The act contains 12 exemptions. It also provides that certain records are indeed excluded from its reach. These excluded records, as we heard from the Parliamentary Secretary to the Prime Minister, include material that is publicly available and cabinet confidences. Of the 12 exemptions, currently eight are already discretionary. Two of the 12 exemptions are mandatory but the two that are mandatory allow for discretion in certain circumstances.

For example, the exemption that protects information given to the Canadian government in confidence by the government of another country is mandatory. I think there would be, or should be, little disagreement among Canadians and members in the House that Canada has an obligation to take great care with regard to confidential information that belongs to other governments and that was provided under the seal of confidentiality to our government. However, this exemption also provides for discretion where the foreign government consents to the release of its own information. This is good sense.

Another one of the 12 exemptions is also mandatory, but it already provides for a public interest override.

The point I am trying to make in going through these 12 exemptions is that, were one simply to keep oneself to the actual motion that has been provided, one would go away from reading that motion with the impression that under the current access to information legislation all of the exemptions are mandatory, that there is no discretion with any of those mandatory exemptions. That is not the case.

To come back to my point, there is also the issue of one of the 12 exemptions which has a public interest override. That, for instance, refers to the exemption that protects confidential commercial information given to the government by a third party. Here again there should be no argument. There is no doubt that the government again has to be extremely careful with the confidential commercial information that belongs to a corporation.
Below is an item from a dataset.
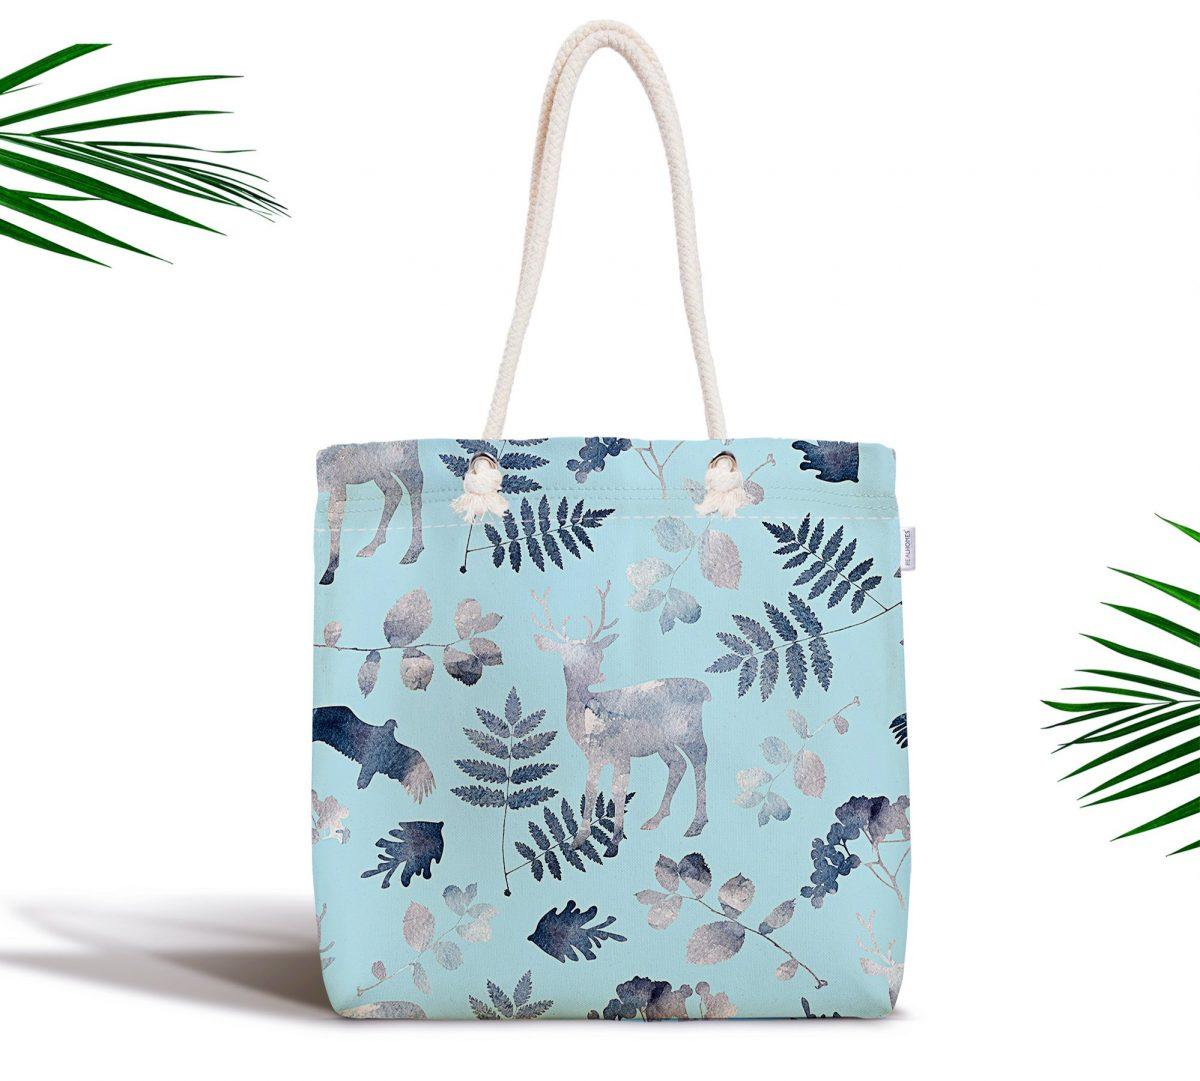 Mavi Zeminli Geyik ve Yaprak Desenli Fermuarlı Modern Kumaş Çanta Realhomes
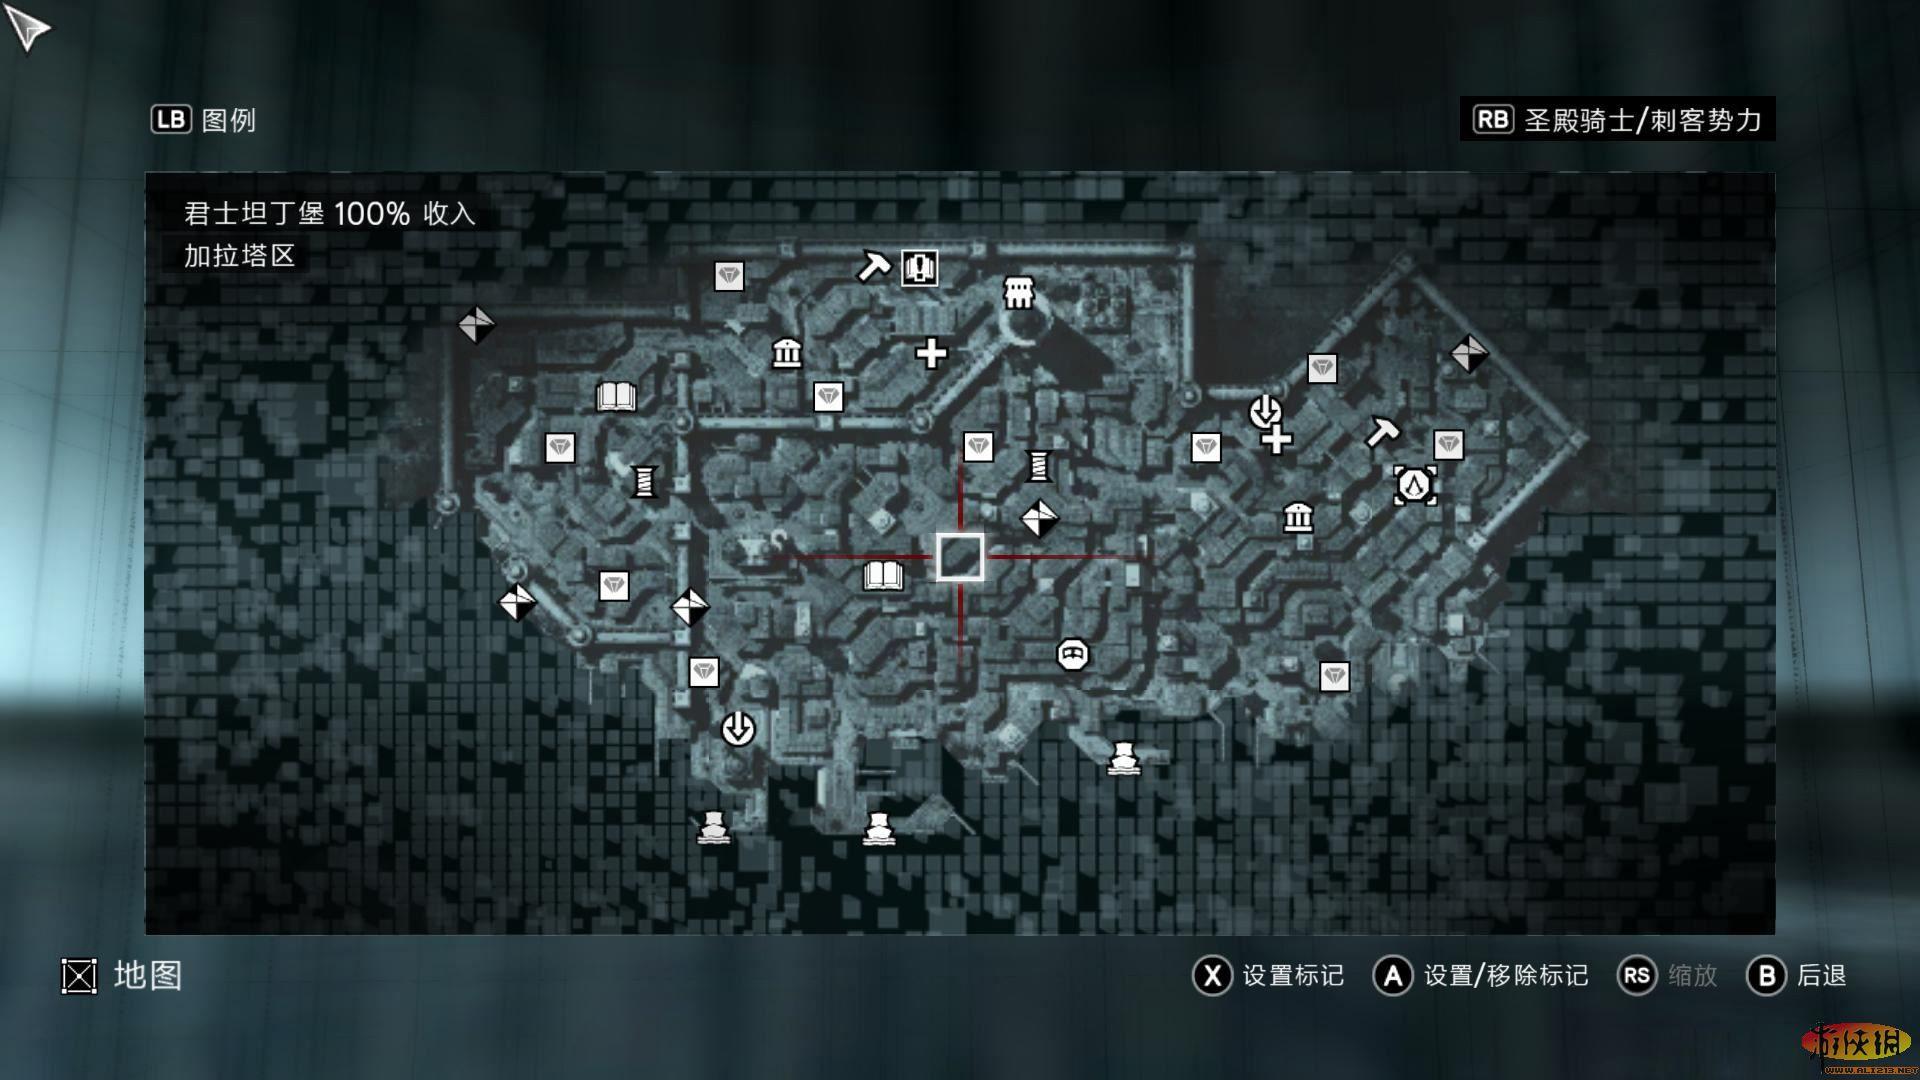 游戏就会自动在地图上标出剩余的50个记忆碎片位置了

At the same time, this exemption already provides for a public interest override in relation to public health, public safety or the protection of the environment. If one takes the time to read the discussion paper that the minister tabled before the access committee, the Minister of Justice raises the possibility of expanding this existing public interest override to include consumer protection.

Finally, there is one of the 12 exemptions that is mandatory and does not provide for discretion, nor does it provide for a public interest override. I would like to explain to the House and to members of the Canadian public exactly what this is.

The exemption I am referring to makes a connection between the Access to Information Act and certain confidentiality clauses in other statutes or in other laws. For example, the confidentiality clauses in our Statistics Act and the Income Tax Act are linked to this exemption that does not allow for discretion or a public interest override.

Most Canadians, and indeed most members of the House, if they stop to think and reflect on this, would agree that it makes perfectly good sense not to allow a particular government department the discretion to disclose personal information that Statistics Canada rigorously and assiduously keeps confidential.

As someone who is a taxpayer, as are all of the members of the House, because we make more money than the personal exemption so we pay taxes, we would also want to be assured that the information we provide through our annual tax statement to our federal government remain confidential.

I can remember a debate taking place in the House precisely about the opportunity for or the appropriateness of Revenue Canada, now the Canada Customs and Revenue Agency, CCRA, being allowed to provide some personal information to, for instance, what used to be Human Resources Canada. There was a major debate in the House about it.

Therefore, I think that when one looks at the 12 exemptions carefully, one has to admit that discretion is already allowed under the existing statutes and there is also a public interest override that exists.

I find it interesting that a member of the access to information committee, of which I am a member as well, would put forward as gospel a motion that mirrors recommendations made by the Information Commissioner when the Information Commissioner himself said on the record that he had not consulted with any stakeholders before making his recommendations.